On the other hand, there are risks. The card could damage your credit instead of helping you if late payments or high credit use are associated with the account.

An authorized user account may benefit you under the following conditions:

  • The card issuer has an account information reporting policy at all three credit bureaus for both the primary cardholder and authorized users.
  • The account has a perfect payment history.
  • Your loved one has a low debt-to-limit ratio.

If someone adds you to a credit card as an authorized user, do not assume that you have completed credit creation. It is also important to create accounts in your name and manage them responsibly. But if you can become an authorized user on your loved one’s card first, chances are you will qualify for better deals when you embark on your credit-creating journey.

5. Practice responsible credit habits

Opening a new credit account is part of creating credit for the first time.
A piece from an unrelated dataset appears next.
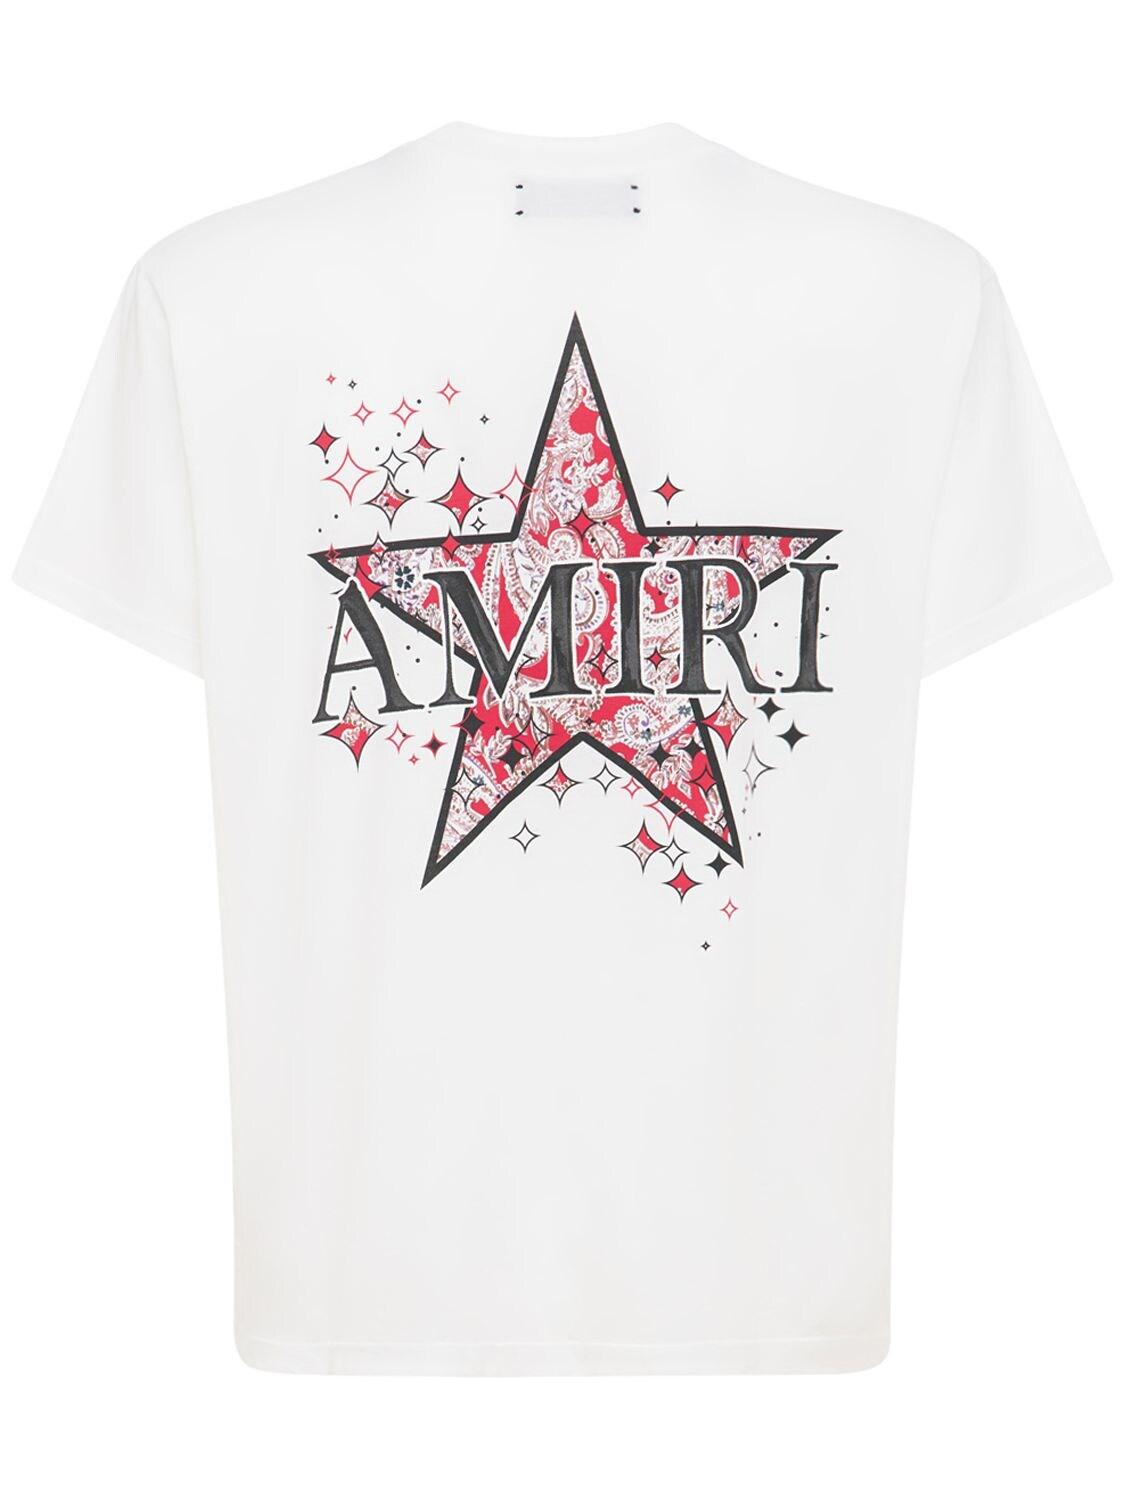 Amiri T shirt New Series
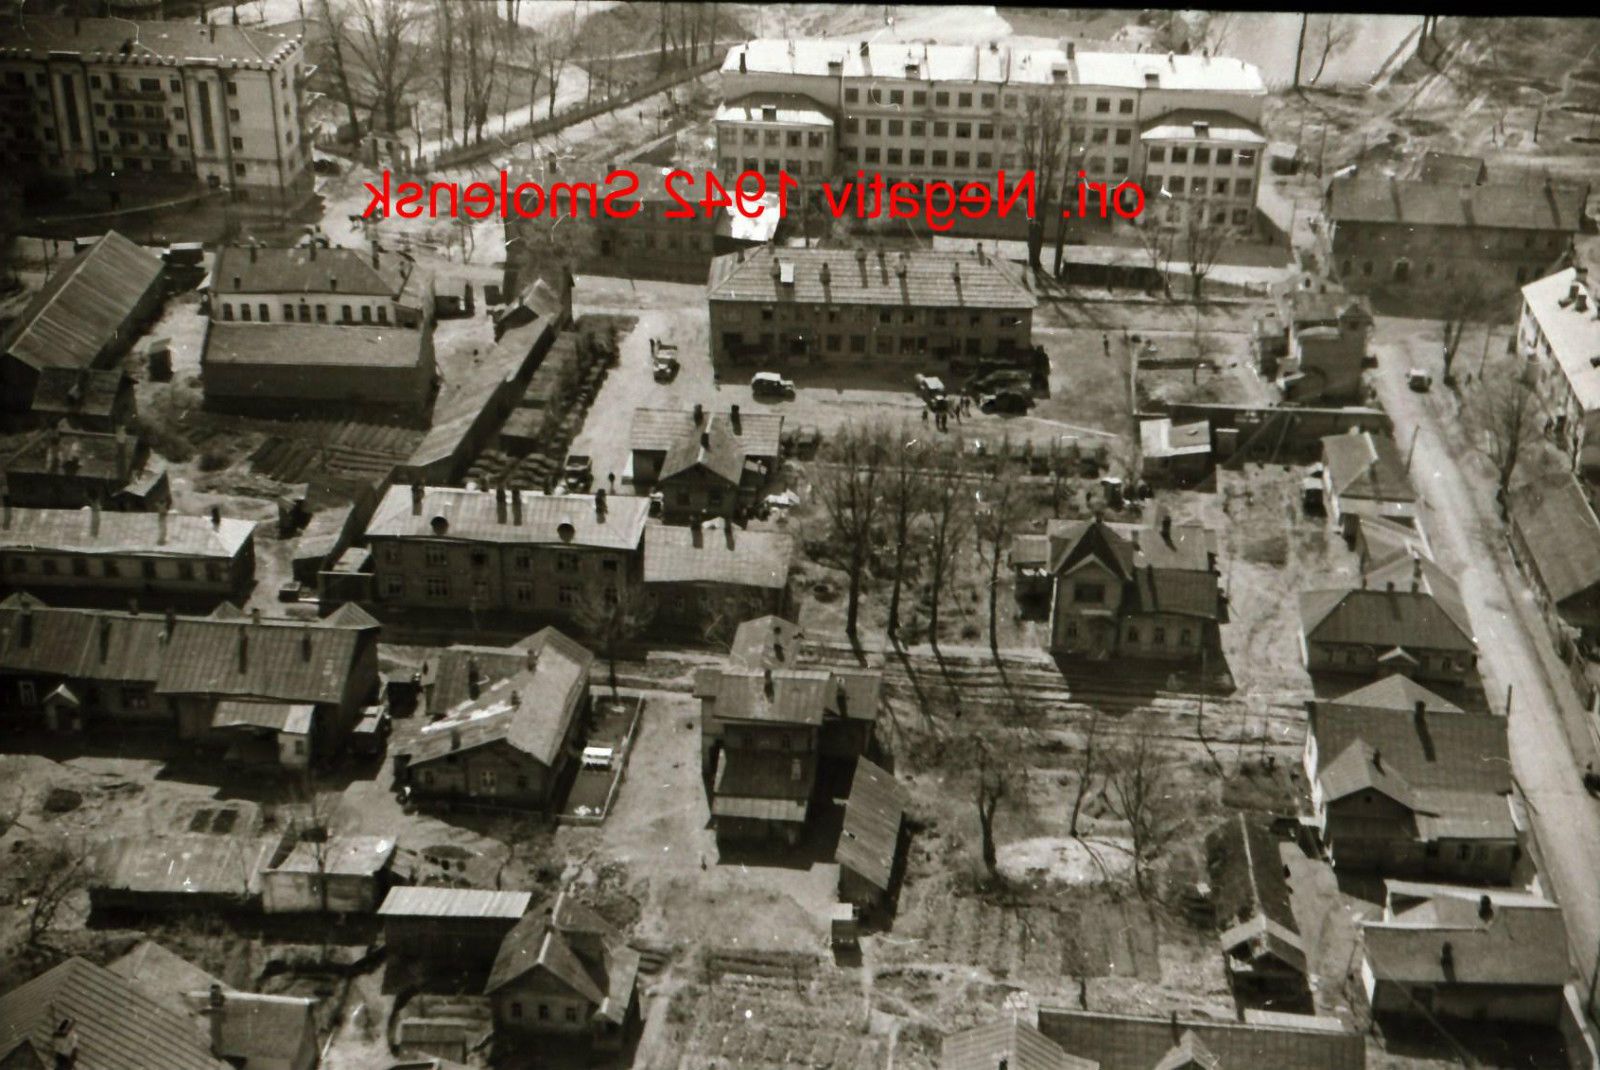 Foto 2 WK, orig. negativ, Ostfront,Smolensk, Luftaufnahme, Gebäude, WH Fahrzeug.jpg

You will also need to practice responsible credit habits to ensure that your credit does not face significant pitfalls, which will require you to correct your credit early. The last thing you want is to damage your new credit profile right outside the gates. Follow these responsible credit habits to help you build a strong credit profile:

  • Try to make your payments on time or early, ensuring that your balance is paid in full each month.
  • If you choose to open a credit card, try to keep your credit card usage rate below 30% but above 0%.
  • Avoid applying for multiple credit bills in the short term.
  • Keep old credit card accounts open even if you no longer use them. This can help increase the average age of your credit history.
  • Spend or borrow only what you know you can afford to repay.

6. Be patient

A good credit score does not come overnight. In fact, the first bill that appears on your credit report must be six months old to qualify for the FICO Rating criteria. (Tip: Authorized user strategy can help you quickly track your credit score.)
However, if you follow the procedure and earn good credit scores, the effort can pay off in the end. The lifetime value of great credit can be tens of thousands of dollars, and maybe even more.

Increase your FICO® rating instantly with Experian Boost ™

Experian can help you increase your FICO® rating based on billing, such as your phone, utilities, and popular streaming services. Results may vary. See the website for more details.